_ABOUT THIS TASK_: Your job is to print, exactly, the lines in the data below from the line with "Originals RIVALRY86 |" through the line with "Uomo in piedi", both included, and to omit any picture.

_RECORDS SHOWN_:
-- -- --

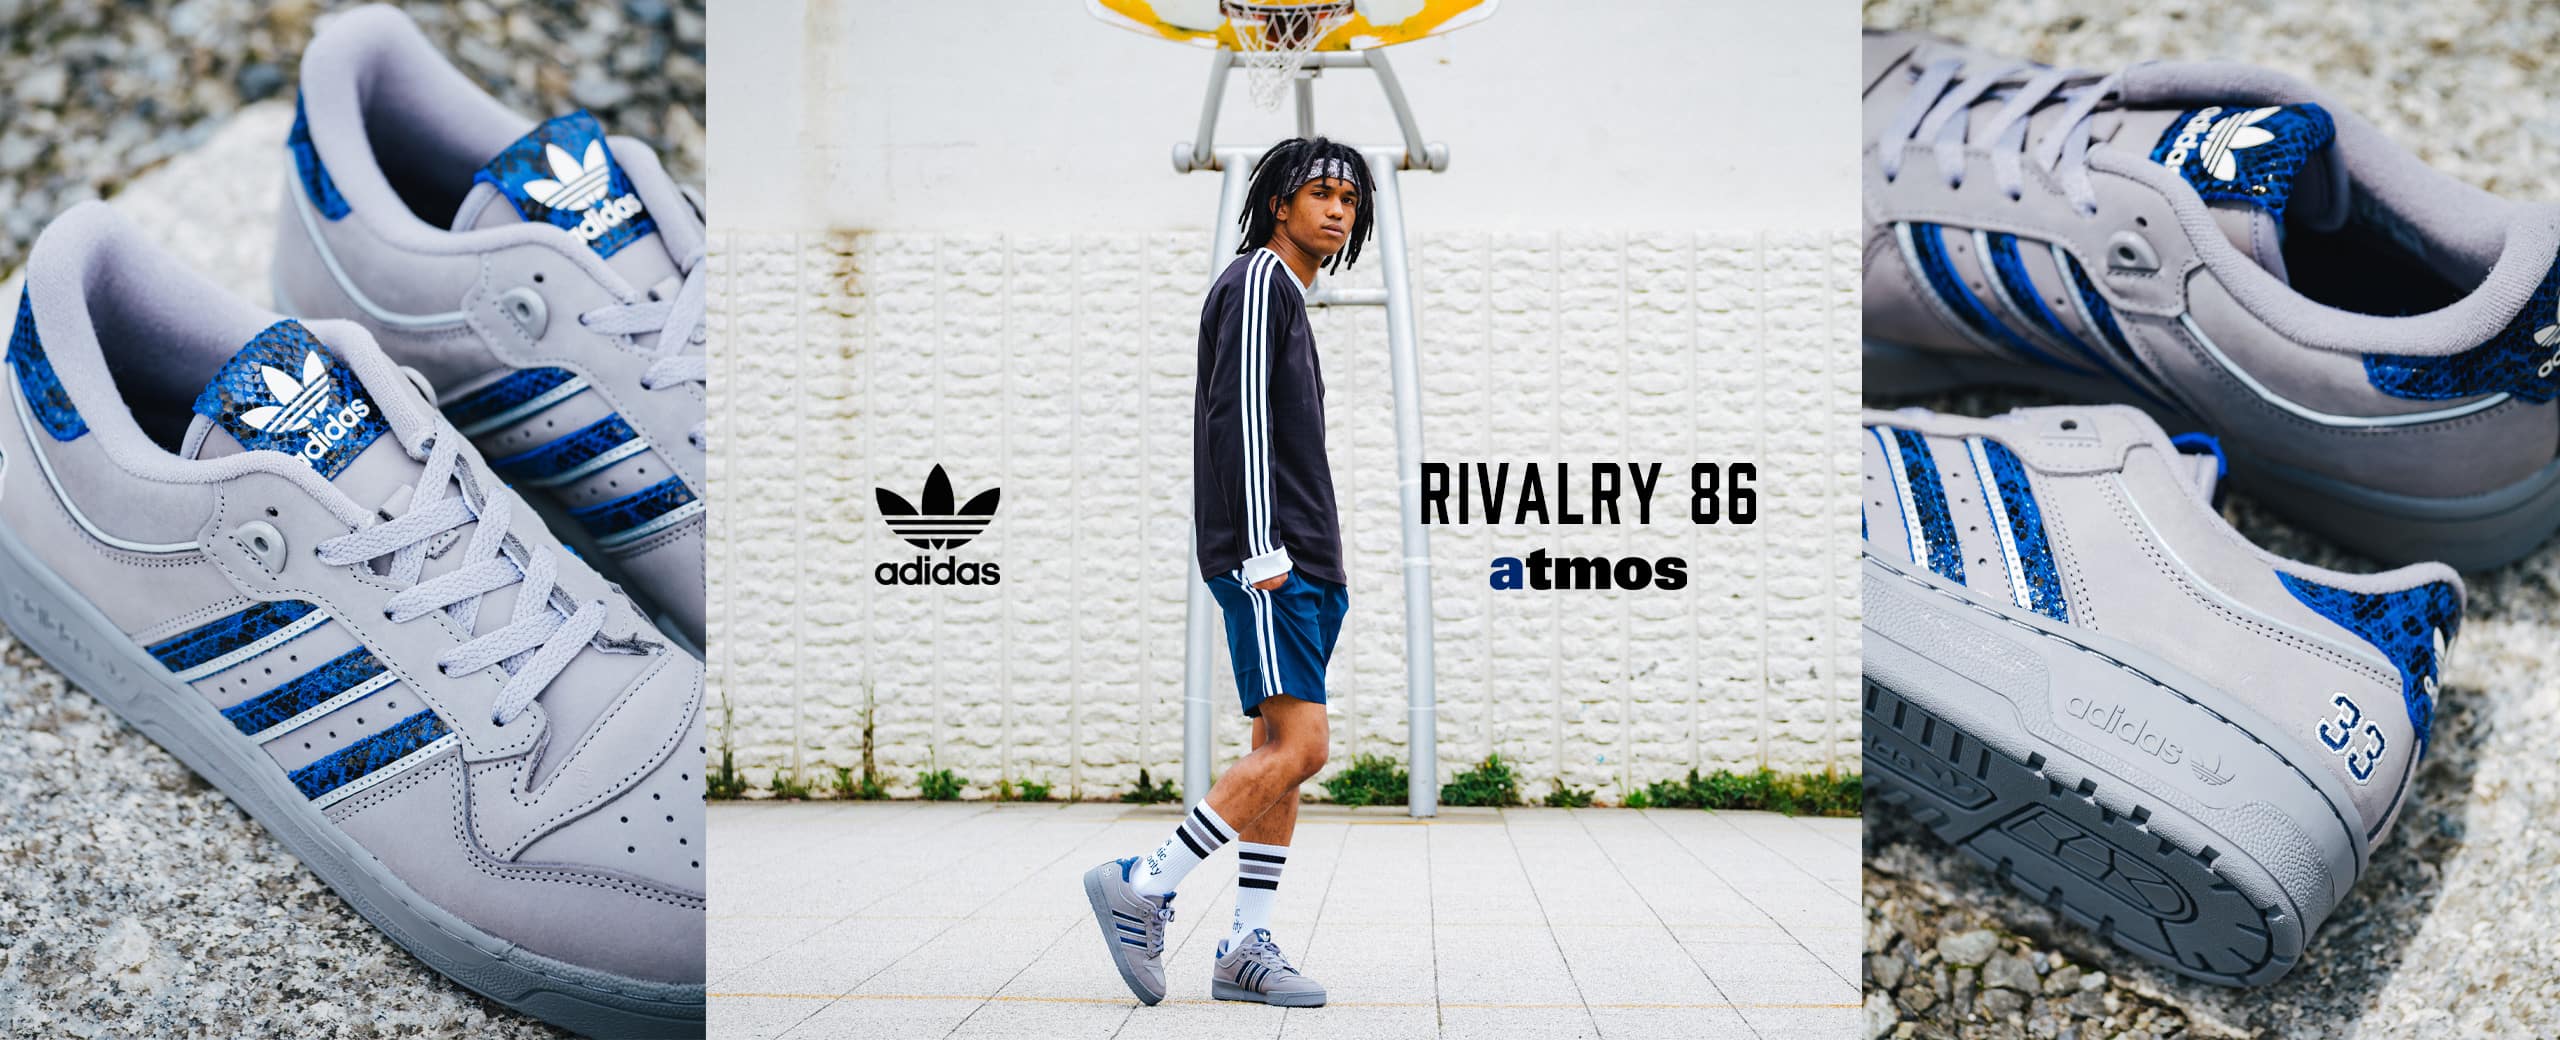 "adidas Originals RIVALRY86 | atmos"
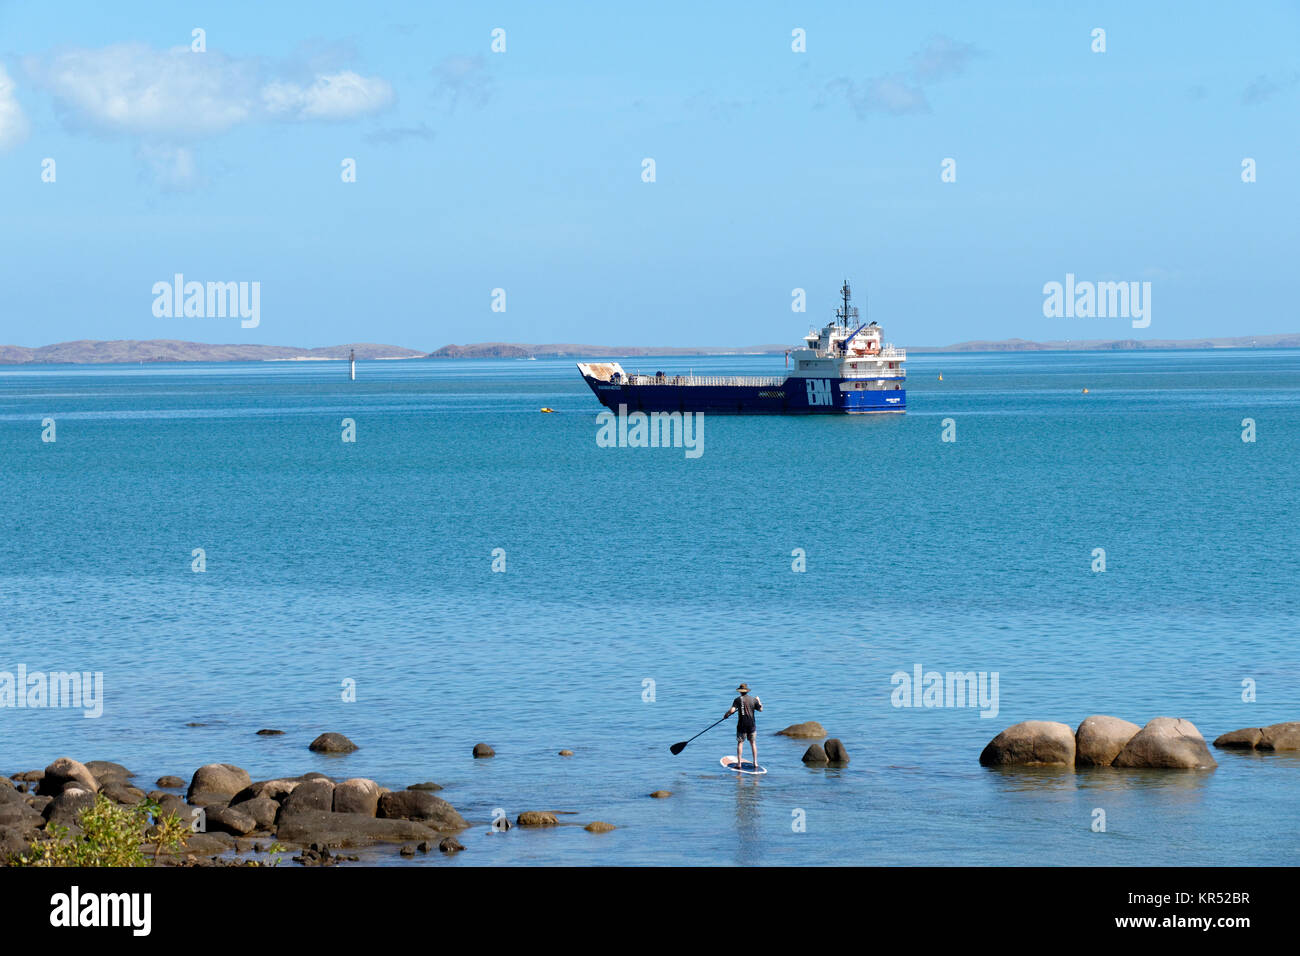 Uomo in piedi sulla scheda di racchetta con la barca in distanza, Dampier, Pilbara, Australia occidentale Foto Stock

-- -- --

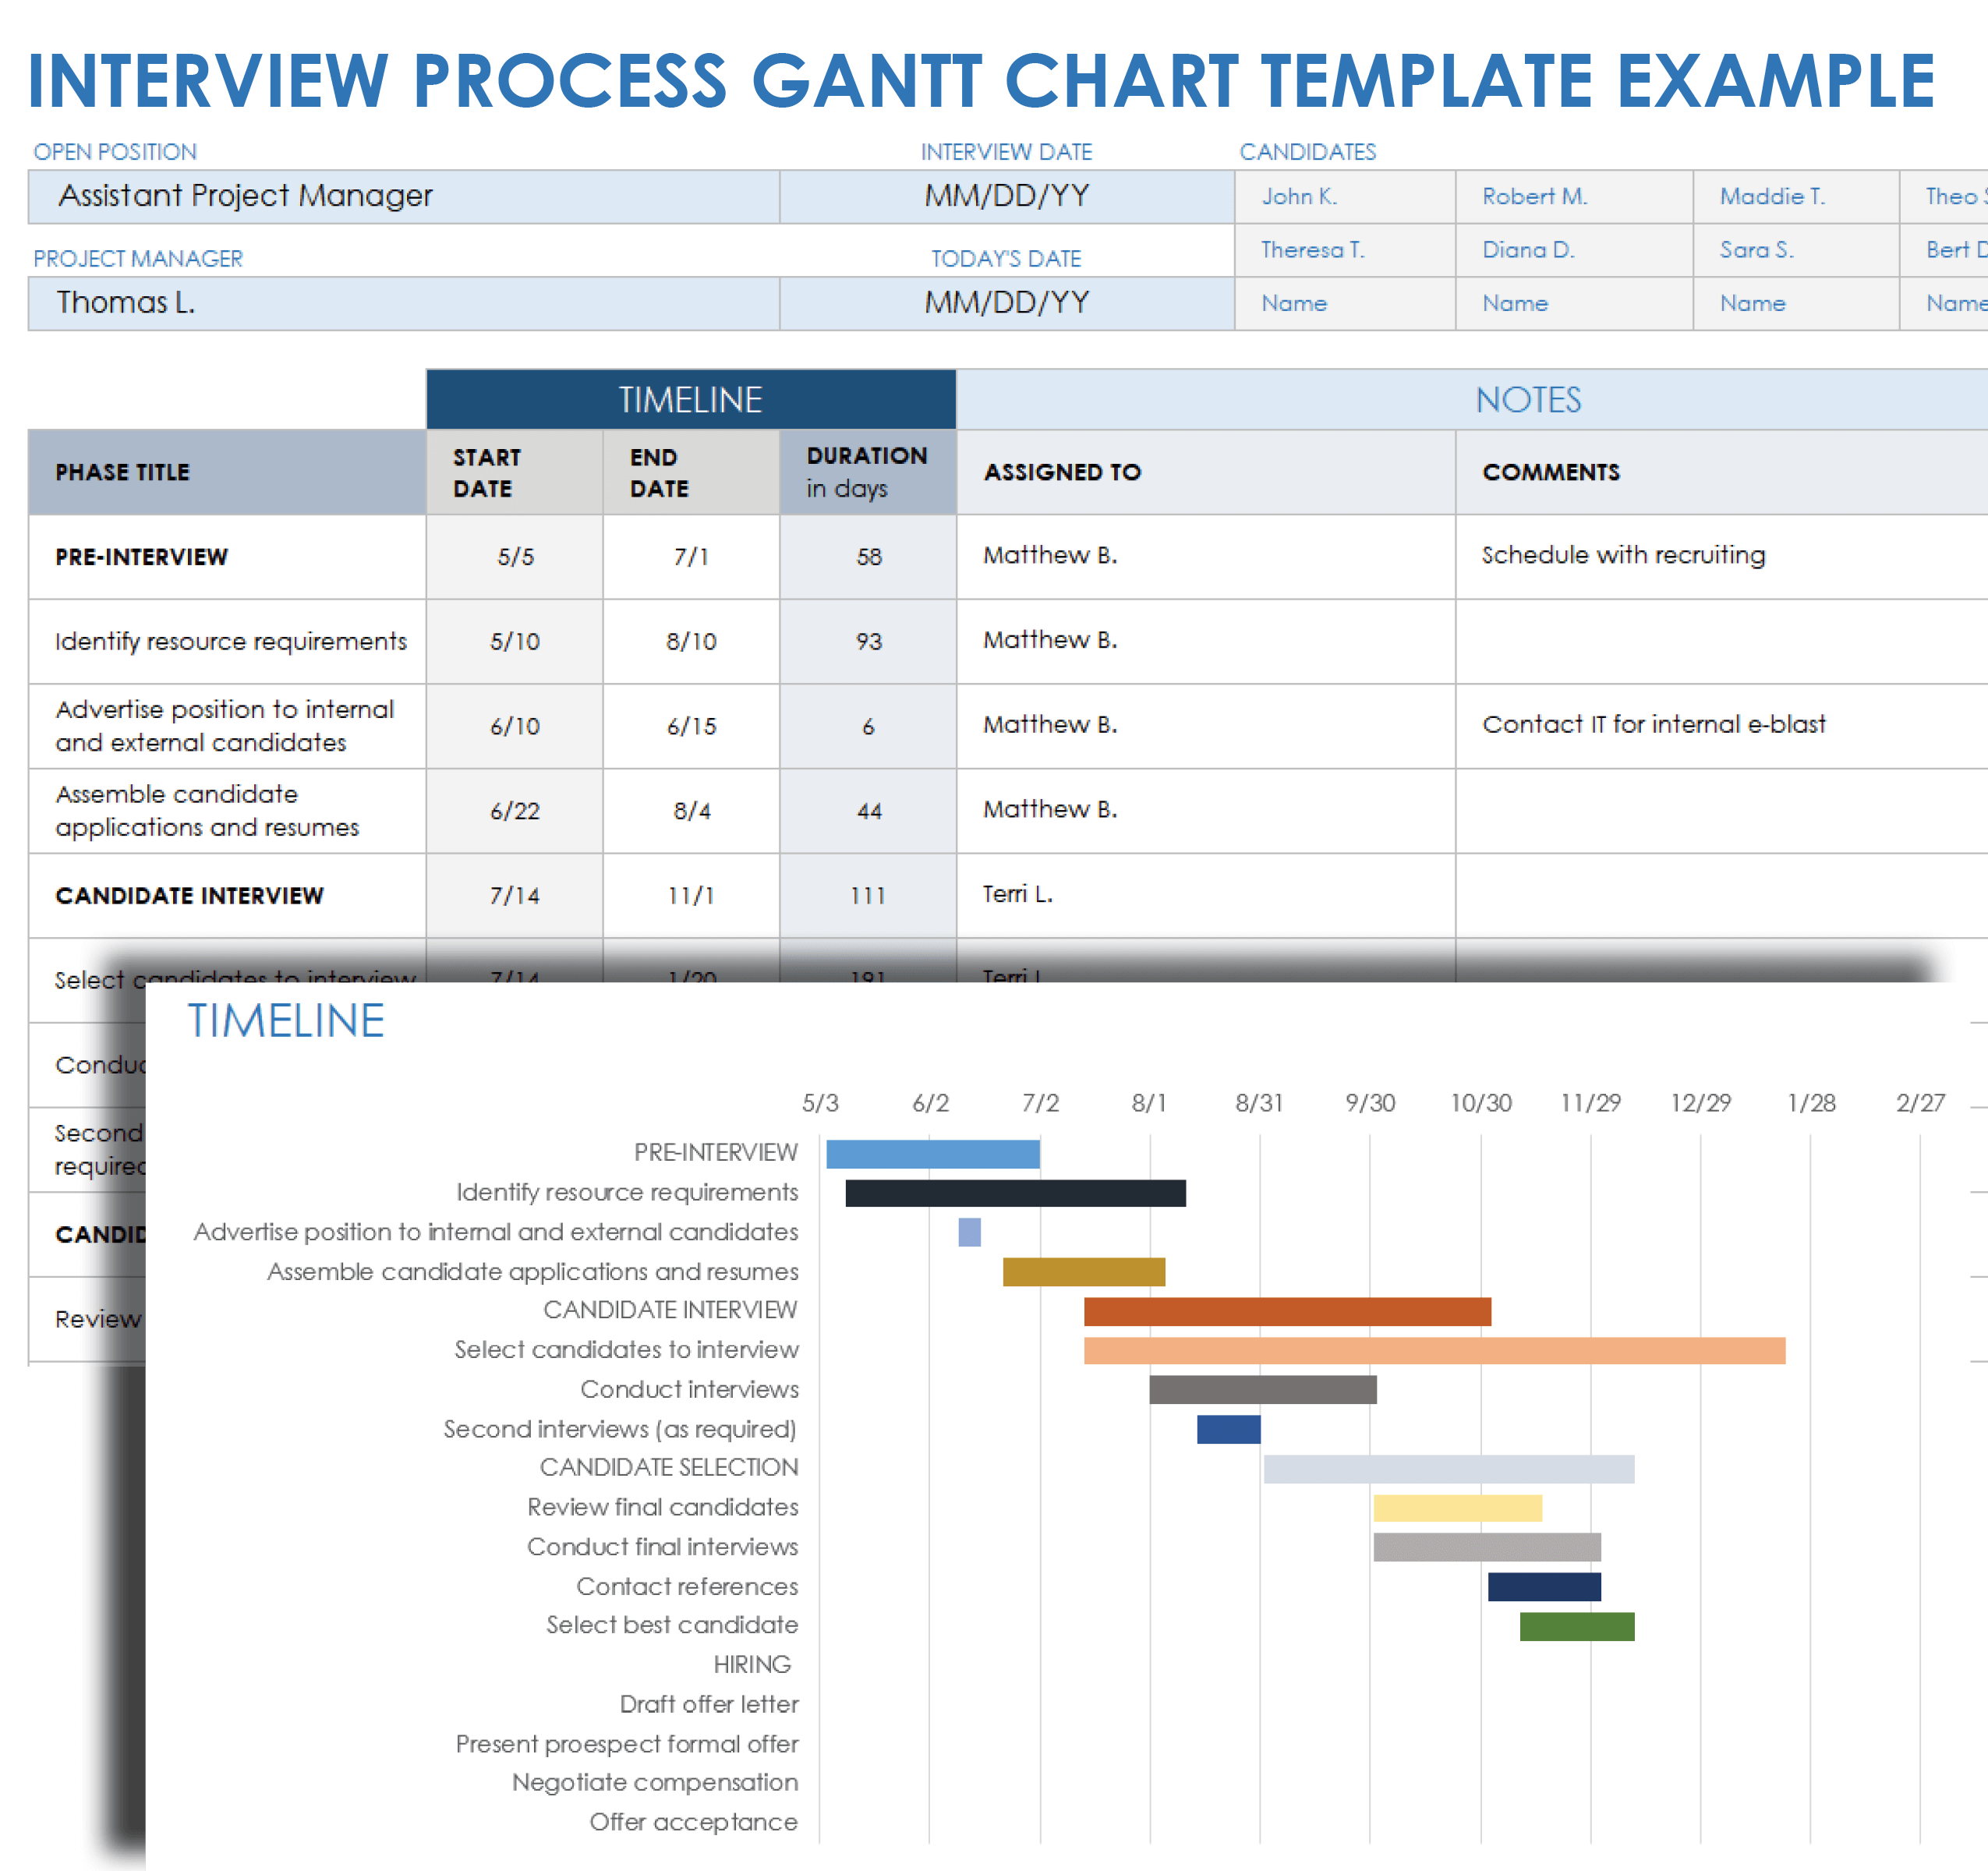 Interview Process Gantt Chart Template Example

-- -- --

_OUTPUT FOR THIS EXERCISE_:
 "adidas Originals RIVALRY86 | atmos"
 Uomo in piedi sulla scheda di racchetta con la barca in distanza, Dampier, Pilbara, Australia occidentale Foto Stock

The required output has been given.